As we have been working through the implementation of the new Veterinary Feed Directive (VFD) rules, there is lot we have learned. The implementation of these new rules has not turned out as badly as we expected, but most certainly, many questions have come up. We were fortunate to have had previous experience with VFDs. Even so, because we all want to follow the rules, many questions have arisen on how to address some specific situations. The initial response is that the VFD rules need to have very clear and specific answers to all our questions. Although this might seem like a good option, we must be very careful of what we ask for.

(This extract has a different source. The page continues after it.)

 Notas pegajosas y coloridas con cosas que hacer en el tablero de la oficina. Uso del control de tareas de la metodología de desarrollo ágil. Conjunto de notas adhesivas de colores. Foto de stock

The challenge becomes that, as we ask for clarification on a specific issue, we force commitment to the specific answer. Although it may seem like a good answer at the time, it is likely to constrain our options on future situations that may vary slightly. The more specific rules become, the more black and white they may appear, but the more they may limit our practice of veterinary medicine. We may think of this as comparable to any diagnostic assay. All assays have a diagnostic sensitivity and specificity. Diagnostic sensitivity is defined as the ability to correctly identify all positive samples from a group of known positives (high diagnostic sensitivity = small number of false negatives). Diagnostic specificity is defined as the ability to correctly identify all negative samples from a group of known negatives (high specificity = small number of false positives). Generally, the more we improve the diagnostic sensitivity of an assay, the more likely it is to have false positives (lower specificity). The opposite is also true: as an assay’s diagnostic specificity improves, the more likely it is to have false negatives (lower sensitivity).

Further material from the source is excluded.